Fig. 5 demonstrates how memory consolidation influences the performance. Since the LLM-based evaluation shows a positive correlation between accuracy and score, we use accuracy to gauge performance. When memory buffer parameters remain constant, shorter merged tokens indicate increased frame information compression, potentially resulting in information loss when excessive. Conversely, longer merged tokens, despite retaining a greater extent of short-term memory in the face of compression, correspondingly result in less overall information acquisition. Moreover, when the length of the memory buffer changes, as exemplified by long-term memory, the corresponding peak performance of MovieChat shifts in response to the altered length of merged tokens. This demonstrates the need to strike a balance between dense information extraction and information compression in long video understanding tasks.

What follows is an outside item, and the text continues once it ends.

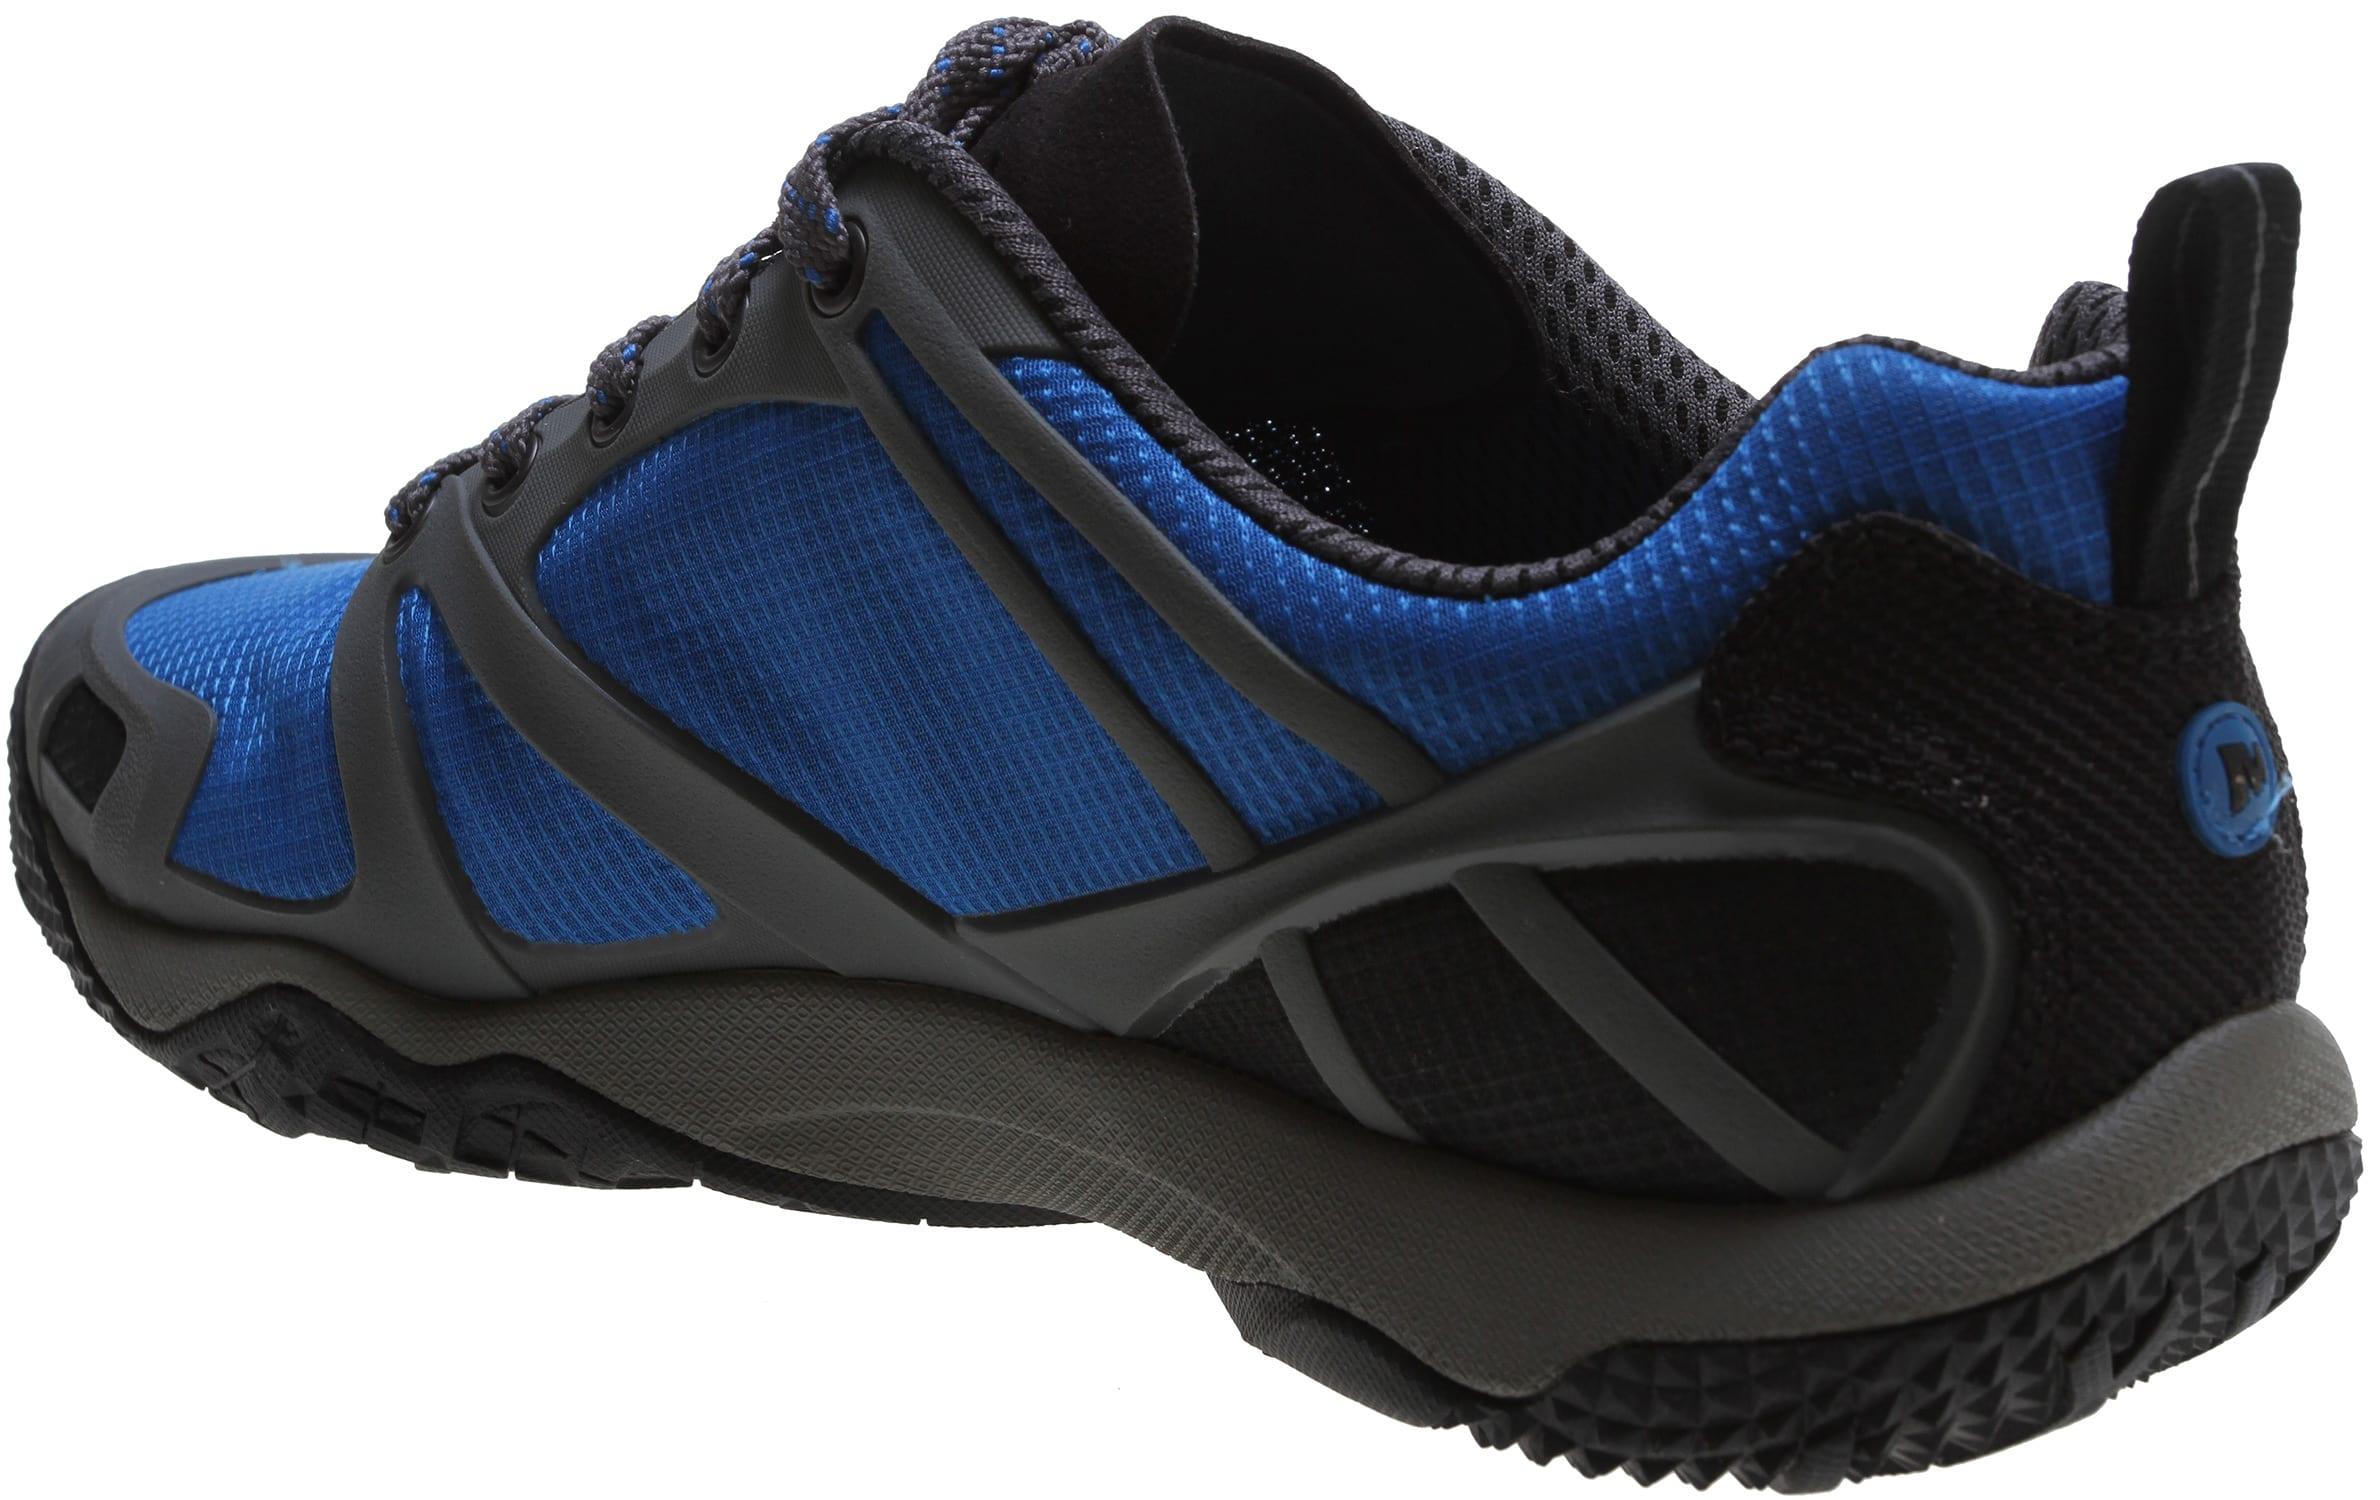 8aa4f1ab672d Merrell Proterra Sport Hiking Shoes - thumbnail 3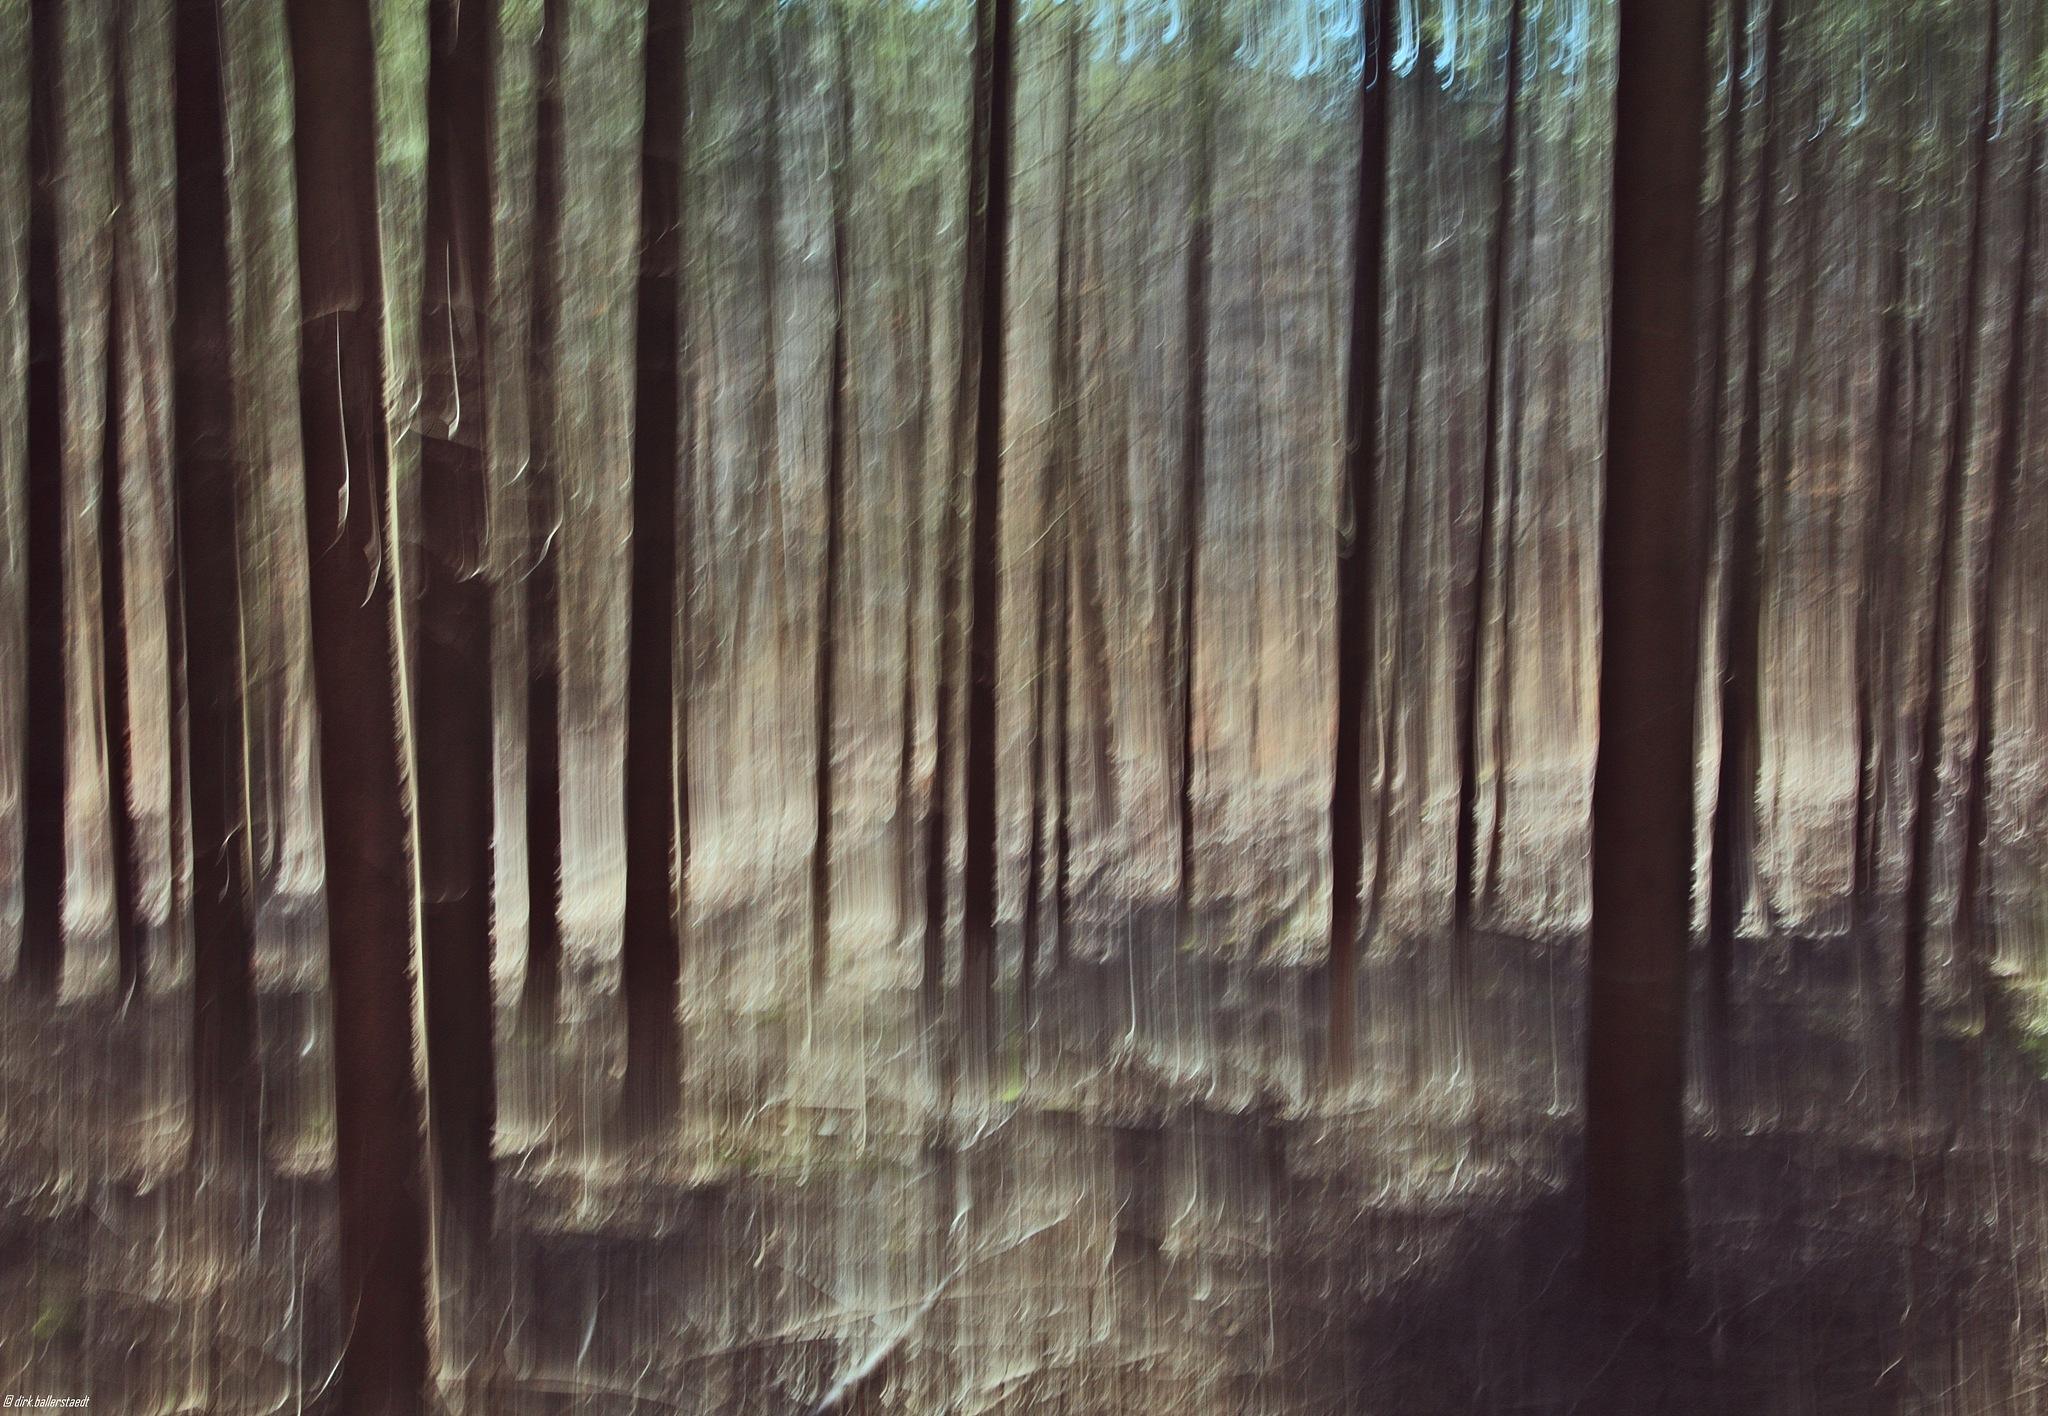 twisted II by rocksyou.photography

We also conduct experiments to compare various methods for initializing the short-term memory, including selecting the last few tokens, uniform sampling, and using merged tokens. The results indicate that the use of merged tokens produces the best performance. When initializing the next short-term memory with the last few tokens from the previous short-term memory, it is unable to adequately represent the information from the previous time step. Consequently, this leads to the final merged tokens being either repetitive or lacking coherence with the previous time step. Uniform sampling faces similar issues, but it manages to capture information with representative frames from the previous time step. Consequently, its performance surpasses that of initializing with the last few tokens, yet it remains inferior to using merged tokens for initialization.

Appendix M Examples for scene understanding and temporal understanding of MovieChat.

We perform an extensive case study of MovieChat on a variety of open-ended long video (such as cartoon movie in and TV series) for long video question-answering and captioning task, including the global mode and the breakpoint mode. The evaluation tasks include scene understanding and temporal understanding as shown in Fig. M5, Fig. M5, Fig. M7 and Fig. M7. For Q#1 and Q#2, we remarks timestamps in frames. For long videos over $10$ K frames, MovieChat is still capable of providing excellent responses to questions regarding both the current moment and the entire video content.